Thanks @Alexey for splitting the topic!

And thanks for that addition. I wasn’t sure exactly and too lazy to look it up, but that sounds exactly like what I’m seeing.

snorkel · January 27, 2024, 11:51pm

So… where exactely these bloom filers are stored on nodes, when they are received, if not in a db? I imagine it’s a list with text? So it’s a text file?
Second: why do we need to move pieces to trash? Can’t they just be marked by GC for deletion after 7 days, in the matadata, in inodes, etc. somewhere in the filesystem, with an expiration date and time, without moving the files?
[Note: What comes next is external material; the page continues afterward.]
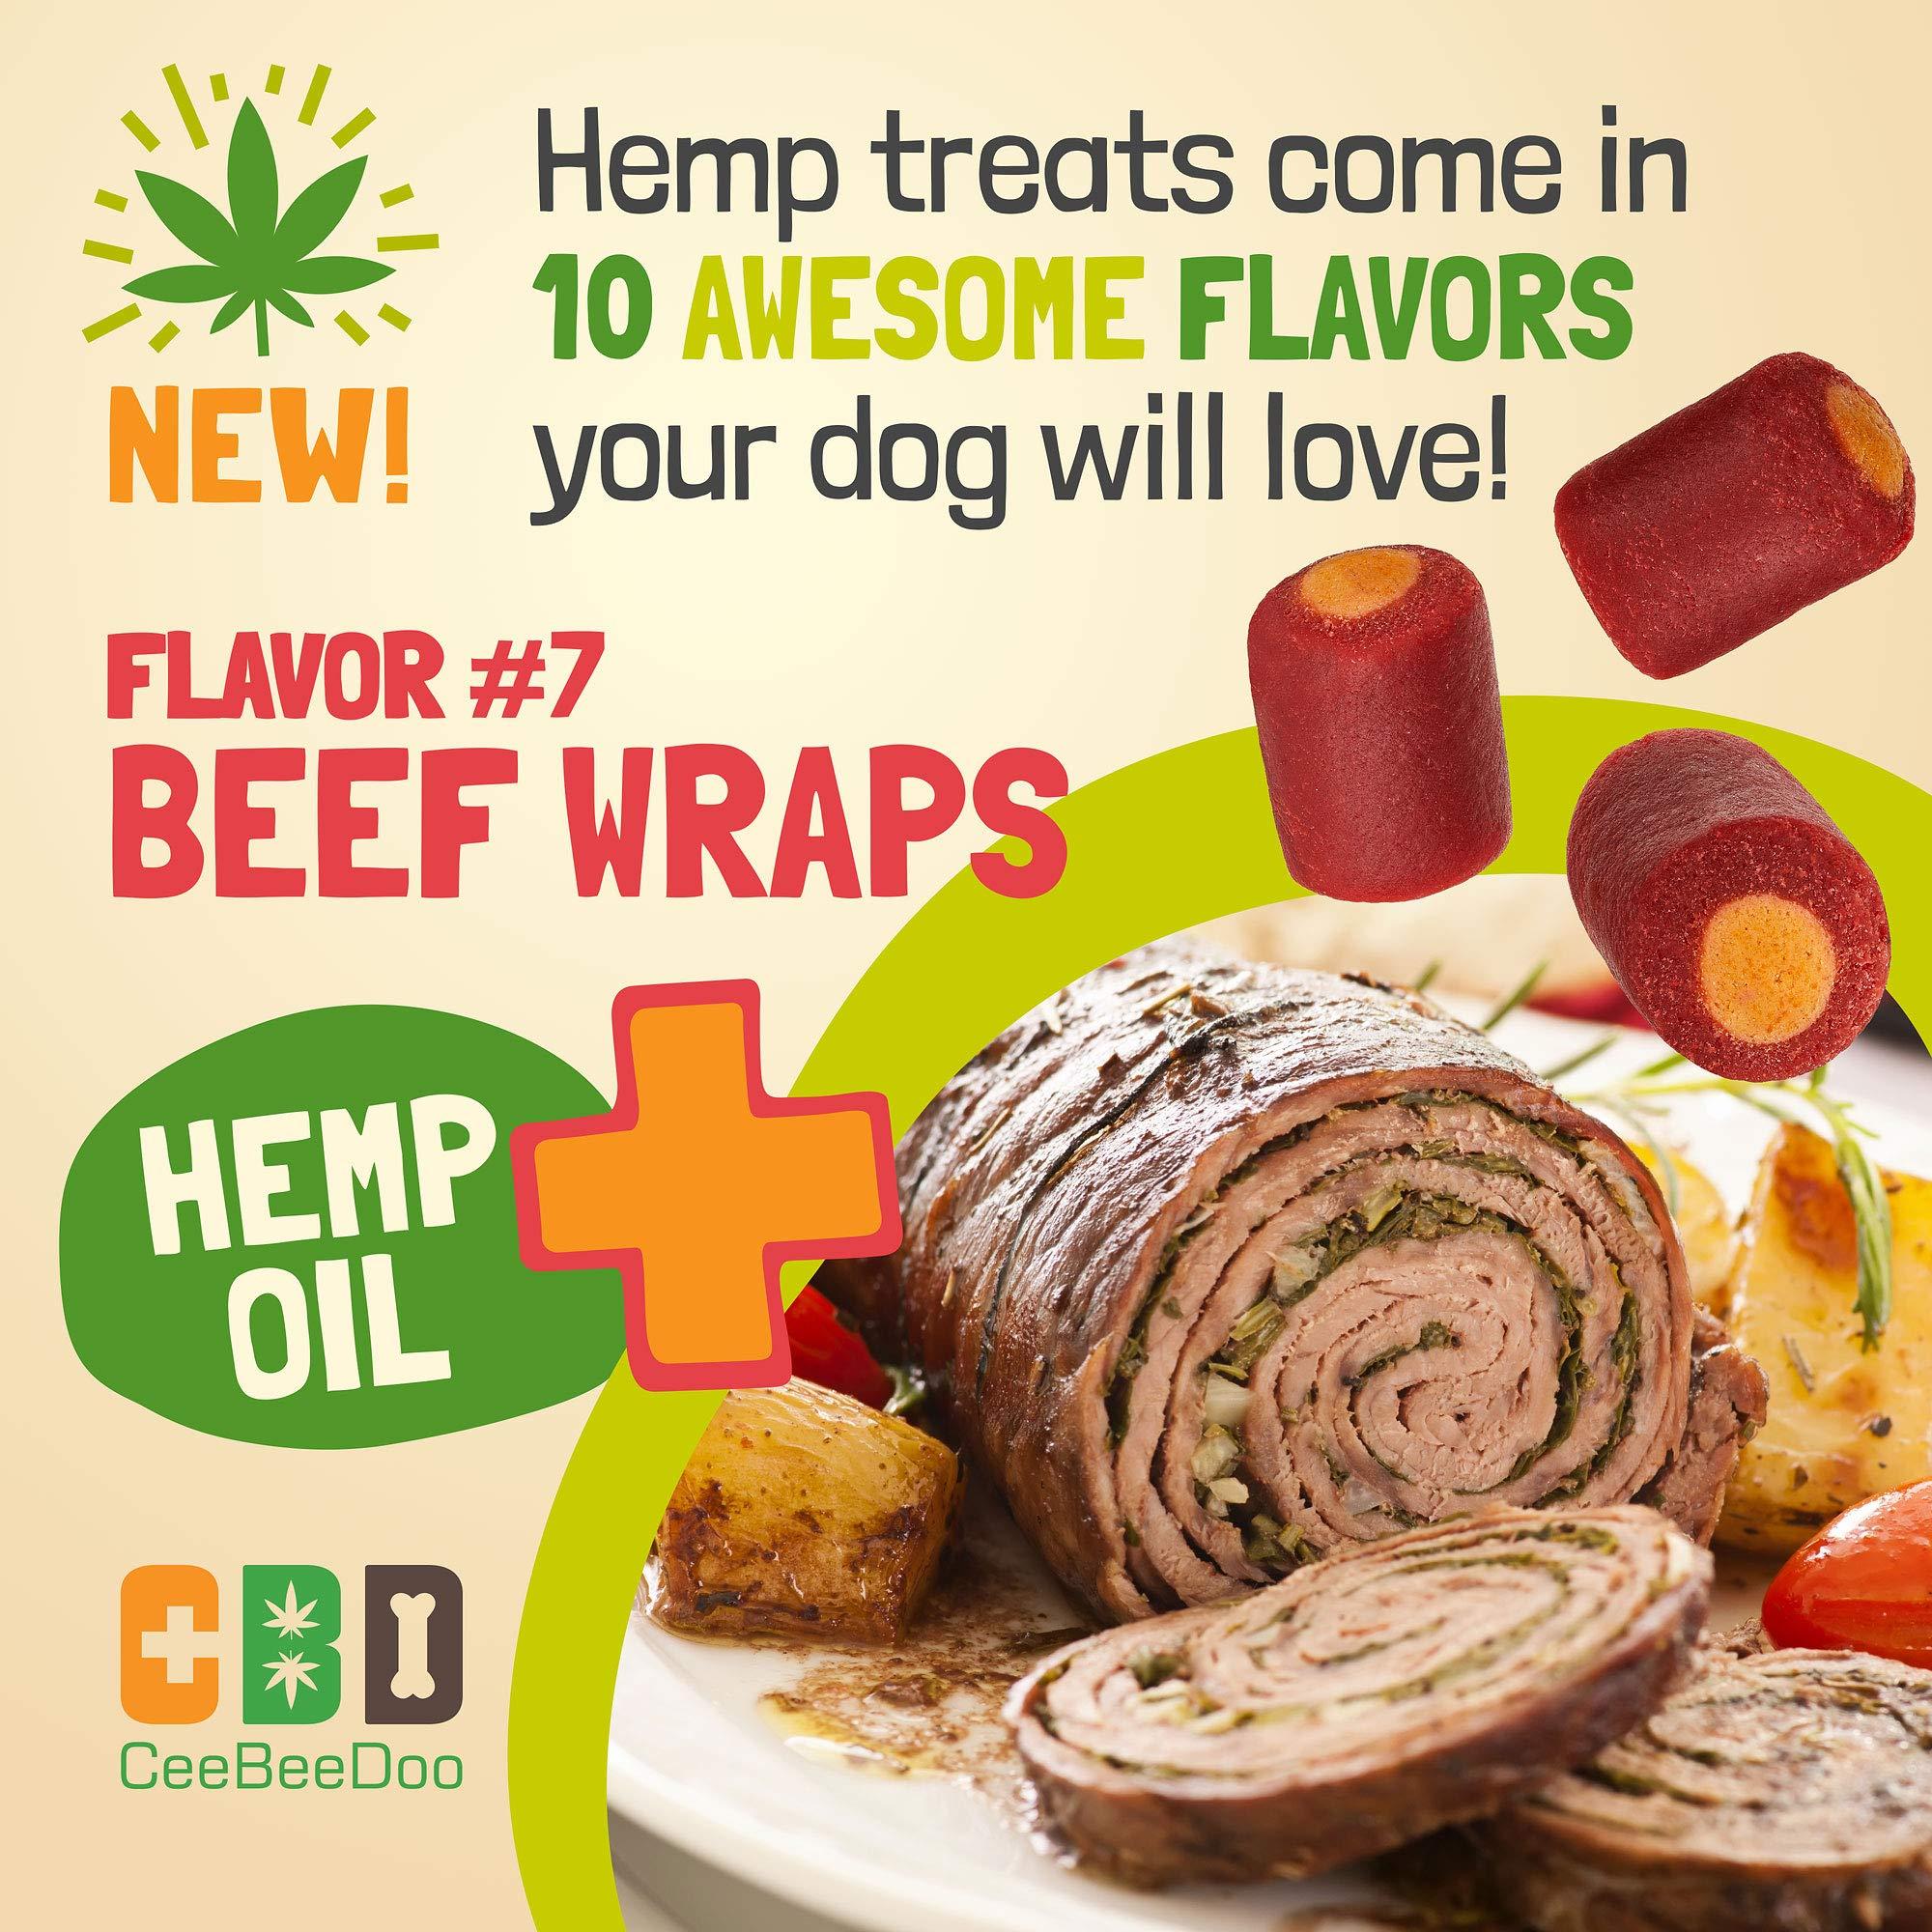 Ceebeedoo Dog Treats With Hemp Oil For Pain Relief

jammerdan · January 28, 2024, 4:09am

github.com/storj/storj

GC bloom filter should be stored on disk in case of node restart

opened 08:11AM - 25 Jan 24 UTC

mniewrzal

Currently lazy file walker will always start from the beginning on node start (s…ee #6708). Fixing used space calculation is one thing but we should also improve GC process. At the moment node is receiving bloom filter and its processing all satellite pieces against this bloom filter. The issue is that GC takes a lot of time and with node restart (updates, issues) we are loosing bloom filter and even if we start file walker from last position we won't have data to finish GC process. Acceptance Criteria: * store bloom filter on disk to be able to restart GC process from last position * bloom filter should be removed after successful GC

It is probably because Storj does not want to pay SNOs for the deleted data.

Alexey · January 28, 2024, 5:06am

It’s not the goal.
The pieces moved to the trash to have an ability to recover them if the bloom filter was wrong and deleted too many pieces, or other similar issues, which can potentially affect customers.

jammerdan · January 28, 2024, 5:12am

But it is free storage for Storj.